Pet treats have added £32m in the last year, split equally between cats and dogs. Shoppers are increasingly willing to treat their pets and the average shopper now purchases treats in 15% of their petfood occasions.
Within dog biscuits, treats and chews there has been £16m [Kantar] growth with shoppers purchasing more frequently, and for a higher price.
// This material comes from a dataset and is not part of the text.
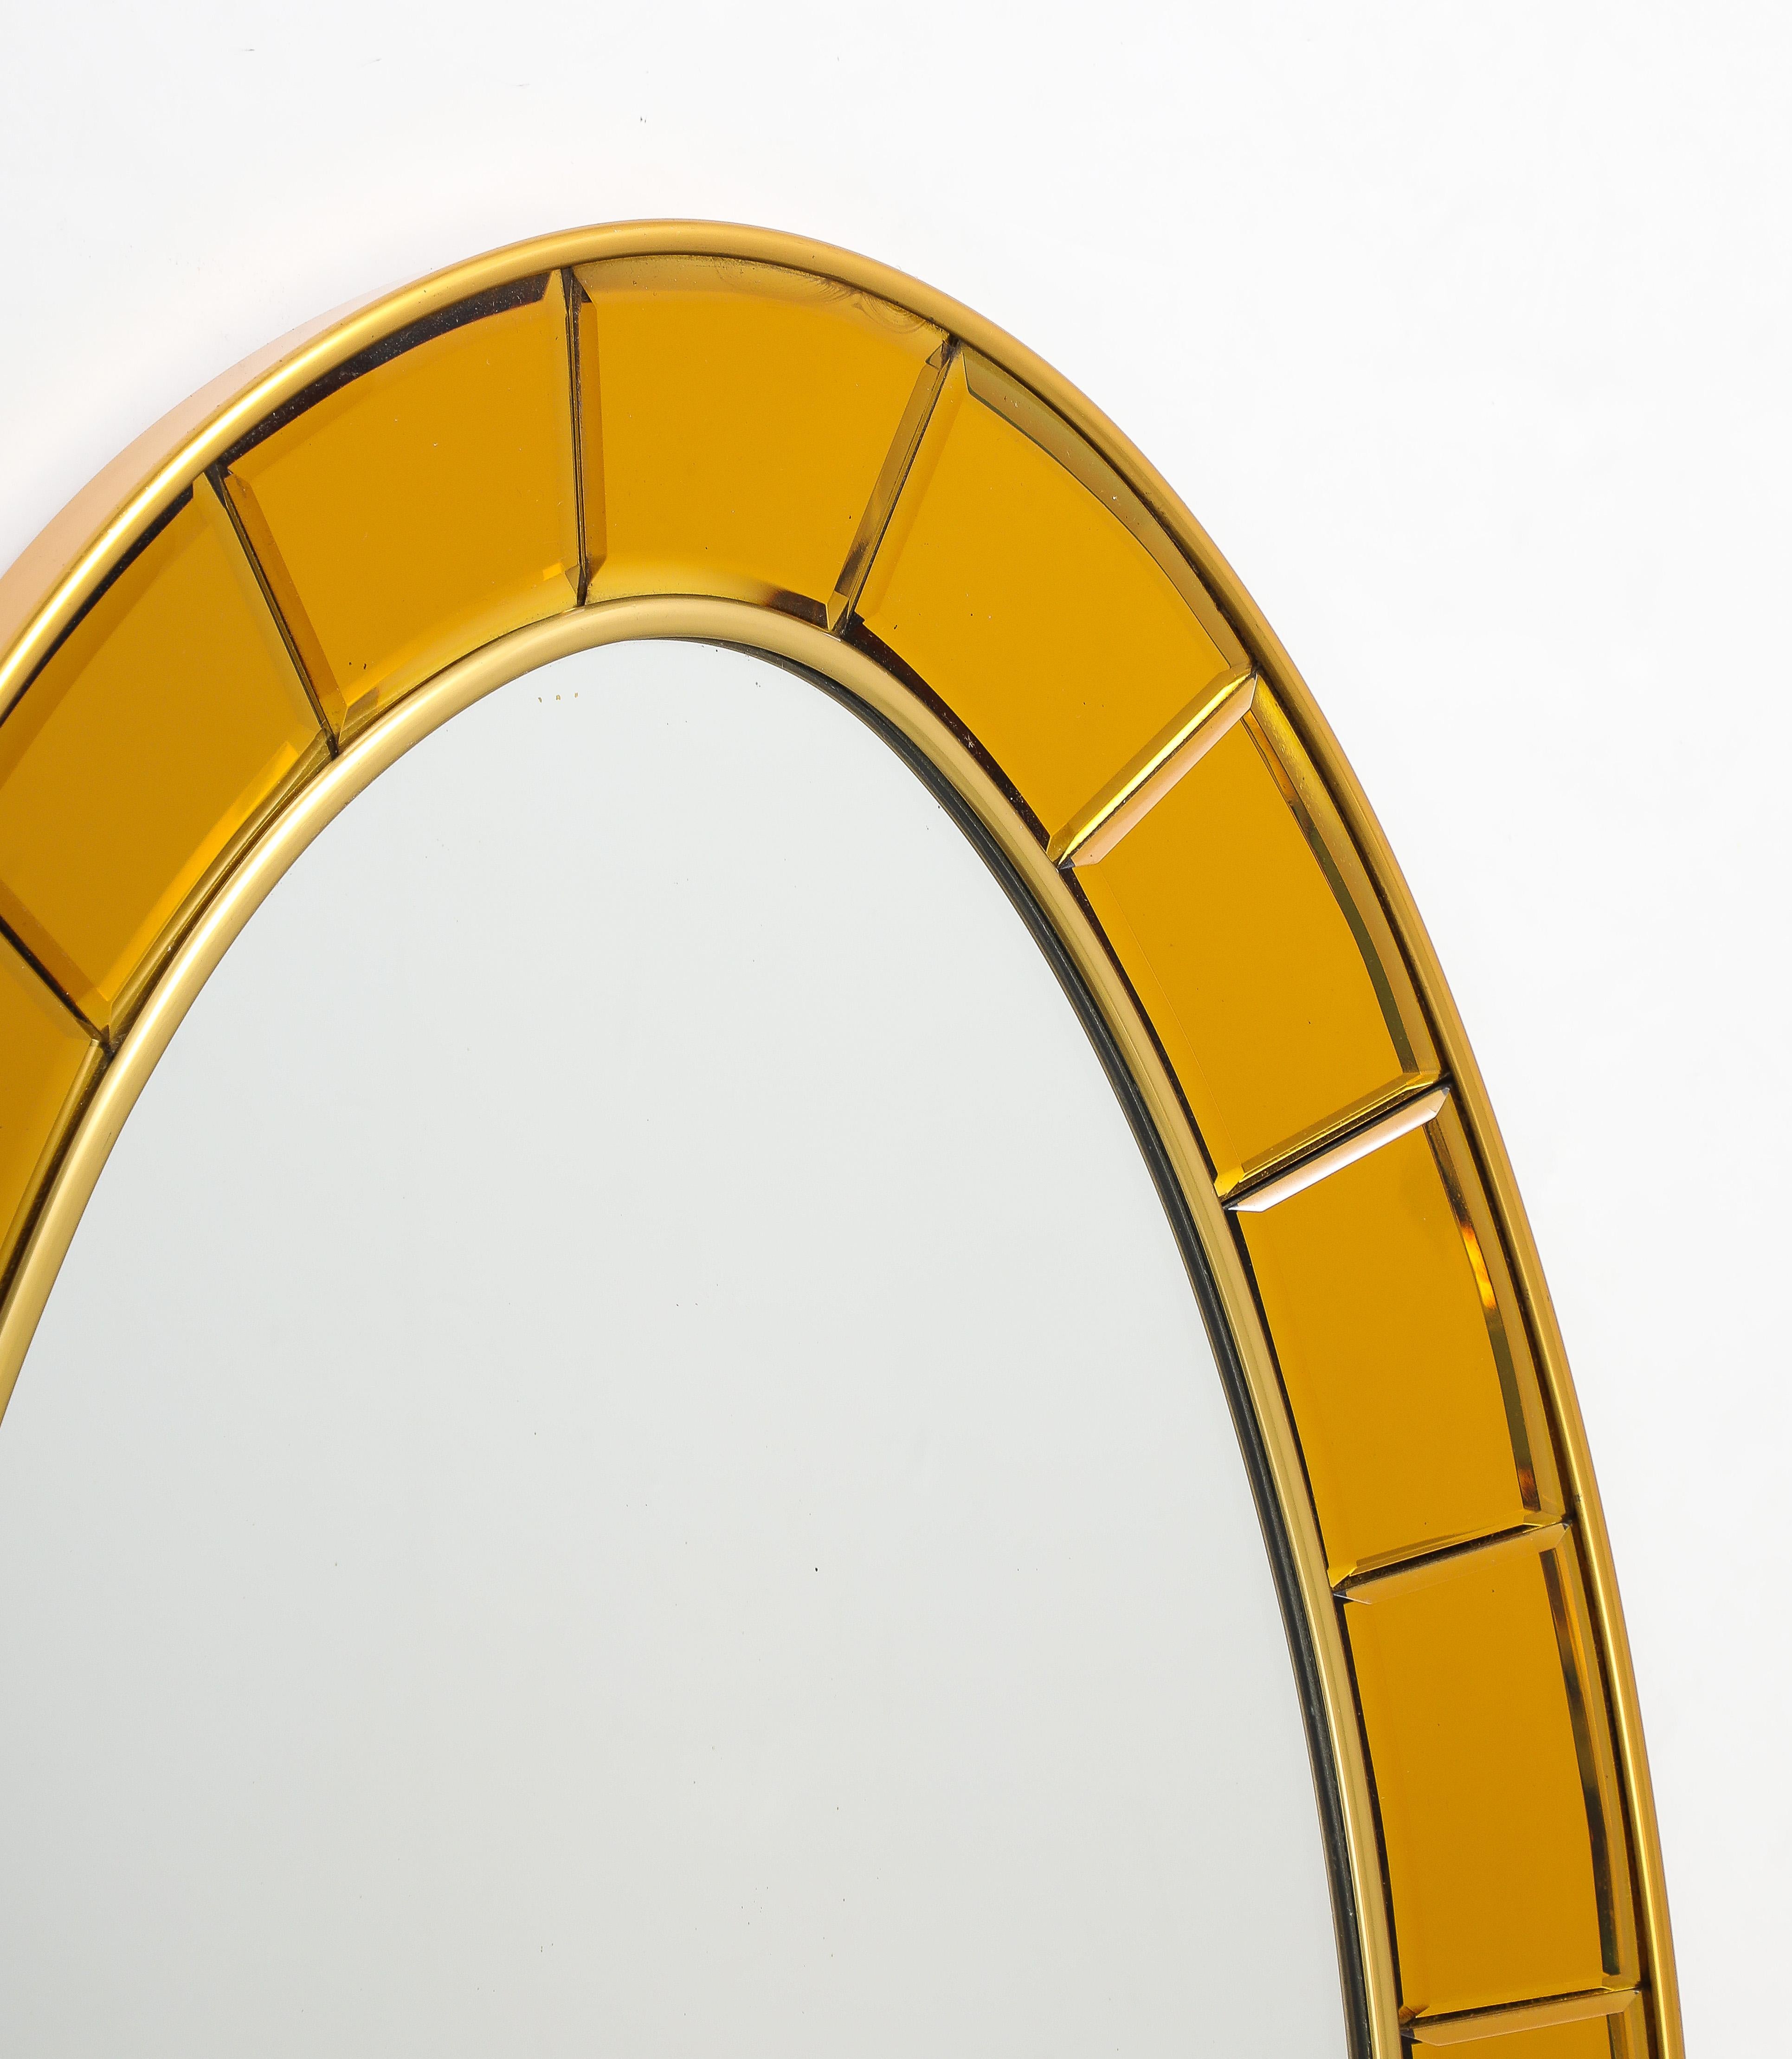 Cristal Art Oval Gold Hand-Cut Beveled Glass Mirror Model 2727, 1950s For Sale 4
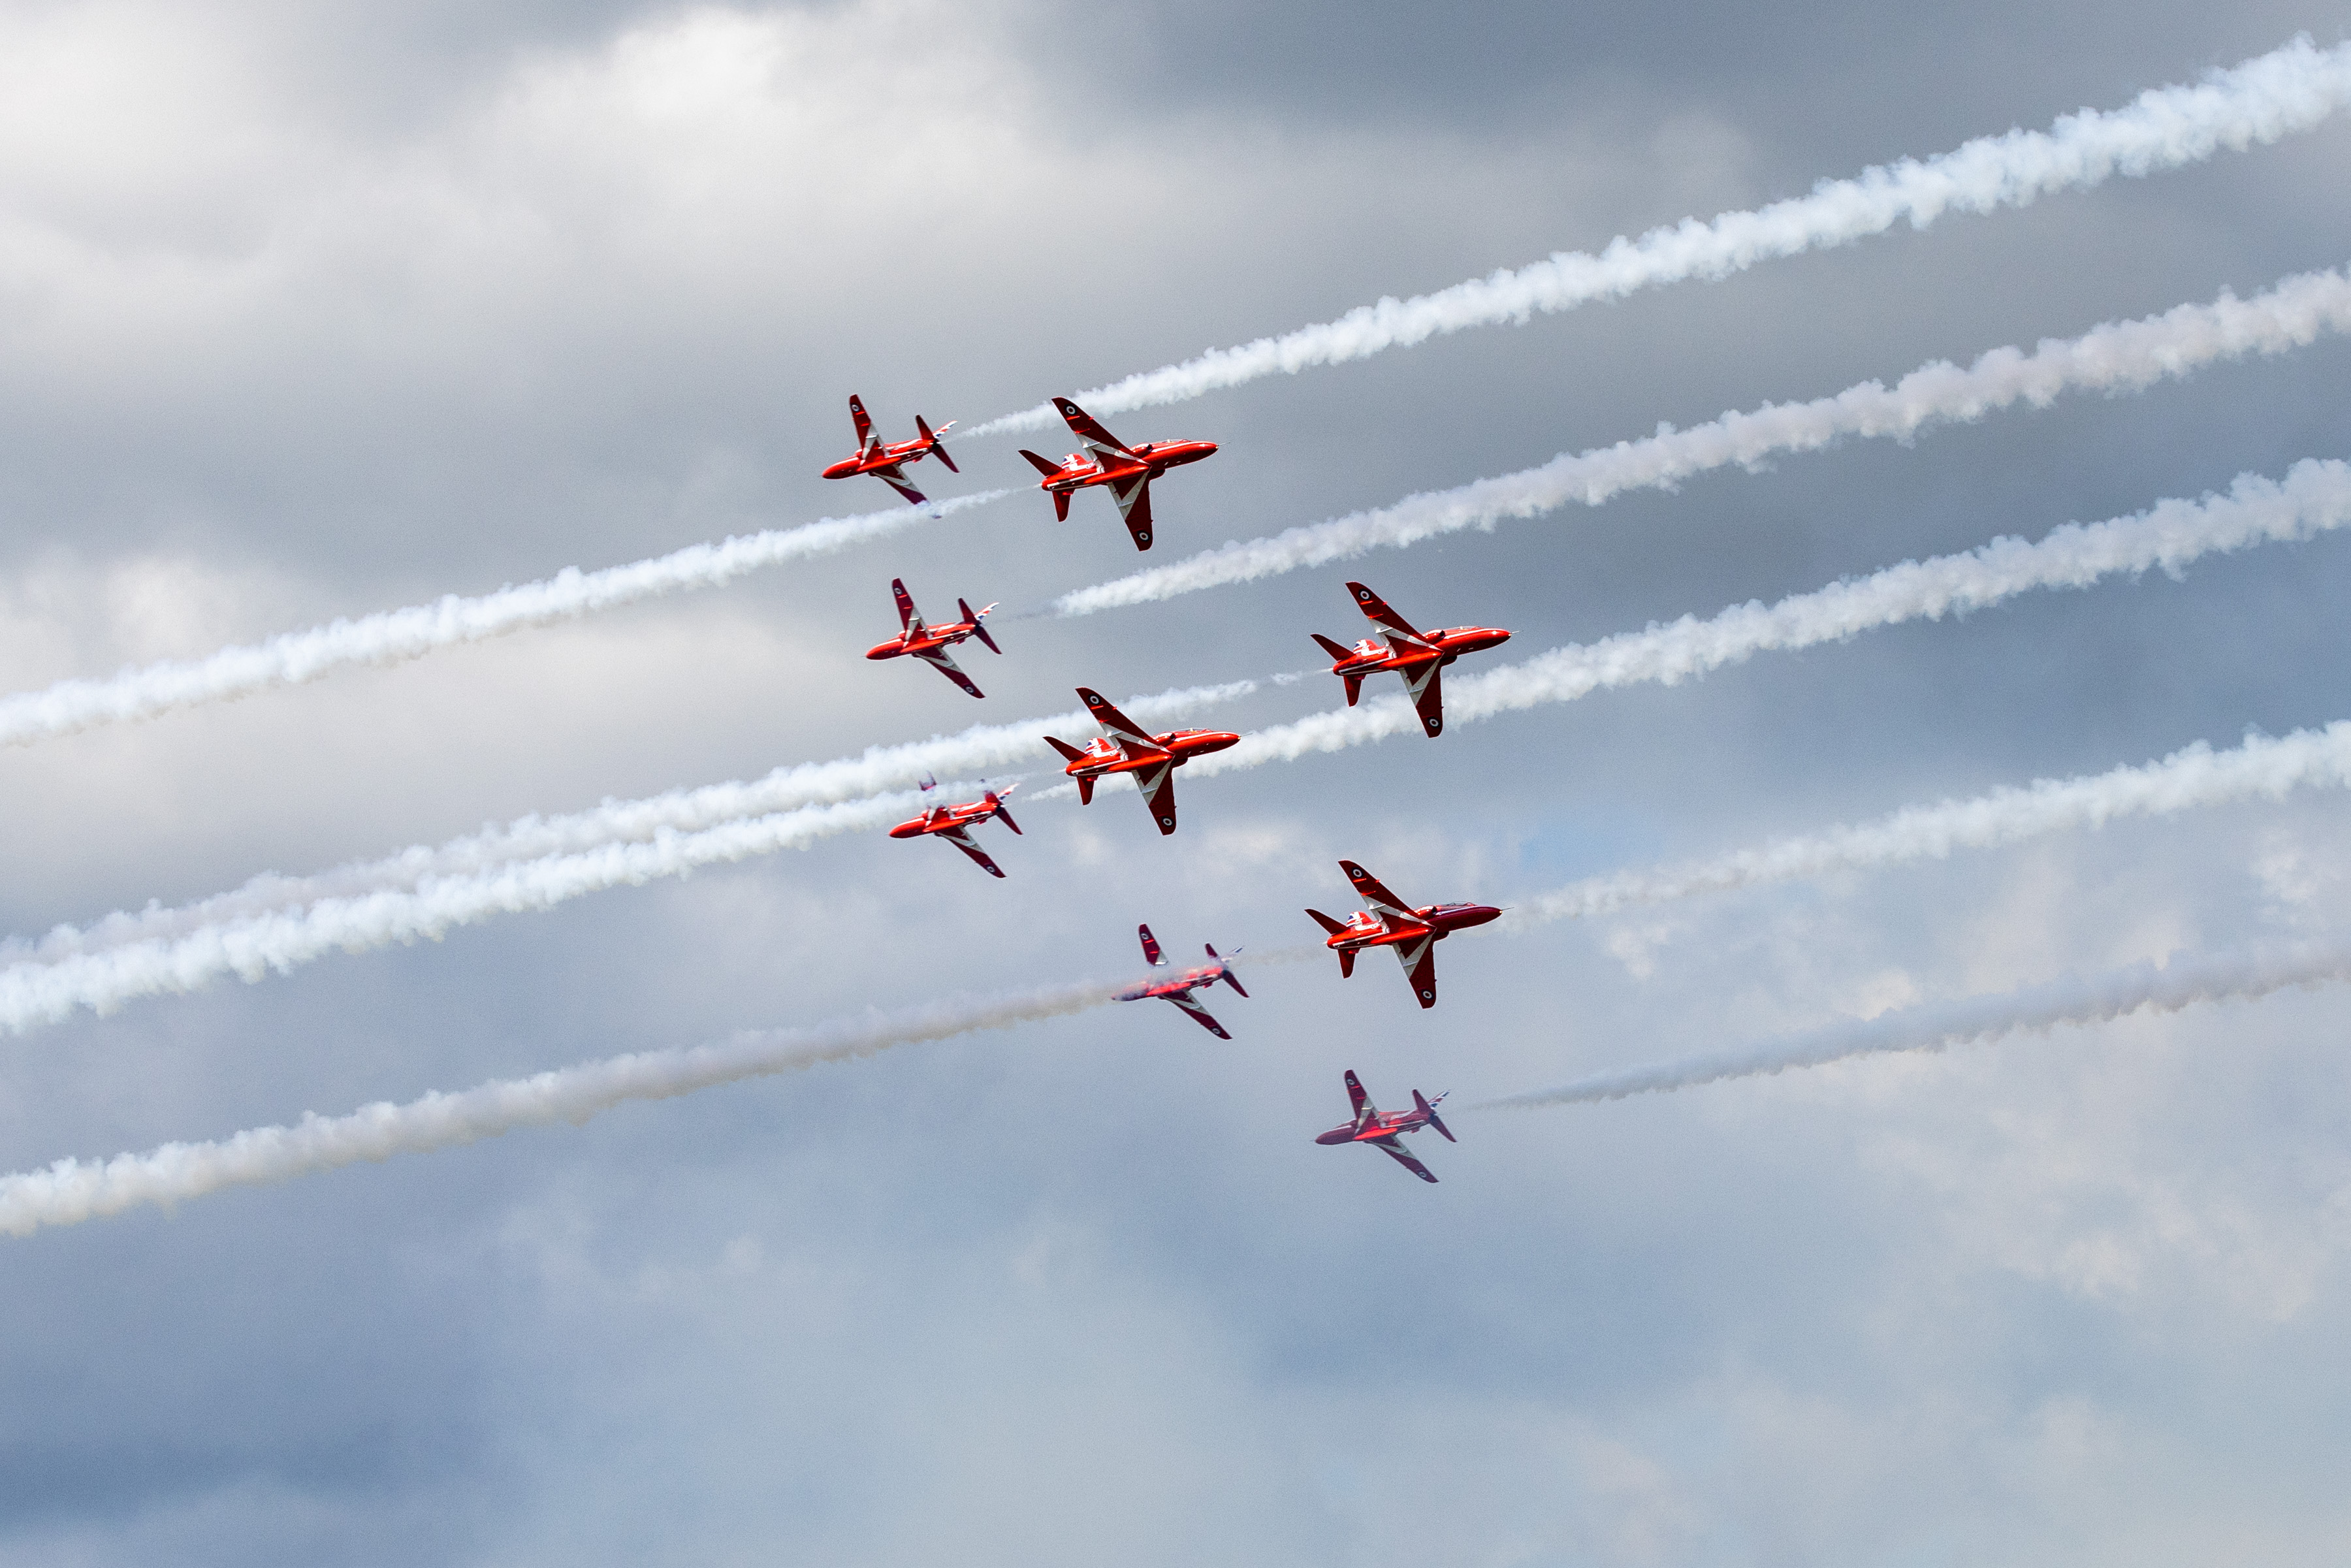 The 5/4 Split - not seen for more than a decade in a Red Arrows show.

Both of the main manufacturers have grown within this sector, with Purina up £5.7m and Mars up £6.1m.
Cats are getting the cream too, and the growth is driven by penetration with 400k more shoppers purchasing the segment and cat treats now making up 29% of total pet treats, showing that not only are owners trading up for dinner, the opportunities for midnight snacks are also growing.
Pet Munchies 100% Natural Cat Treats
Manufacturer: Pet Munchies
Launch date: March 2015
To meet the demand for healthy and nutritionally fortified treats, this premium quality range is freeze-dried, hypoallergenic, free from wheat, cereals and gluten, and made with the finest ingredients, says the brand. Available in chicken liver, beef liver and fish fillet, the treats contain no artificial flavours, colours or preservatives and are made from a single-source protein. Currently available online at Waitrose and from Ocado (rsp: £1.39).
Gourmet Mon Petit Multipacks
Launch date: April 2015
For the felines who prefer their meals served at room temperature, this range comes in a 50g portion size, allowing it to be freshly served and eaten all at once. Now available as a six-pouch multipack in five varieties, the Mon Petit range from Gourmet lets cats sample a wide range of meat and fish flavours. Rsp: £2/6x50g.
Webbox Grain Free
Launch date: November 2015
As the British appetite for all things free-from charges on, Webbox has launched Webbox Grain Free as a healthier feeding solution for cats and dogs. The range includes dry food, wet heart-shaped aluminium trays, tins of pâté and treat sticks. The range retails between 59p and £5.
Launch date: January 2015
This twisted cat stick treats from Felix come in mixed fish and crab, duck and liver and salmon and seafood varieties to add more playfulness to treat time. The sticks can be twirled and used as a toy to encourage cats to play, or broken up into bitesize pieces for a quicker treat (rsp: £1.19/50g).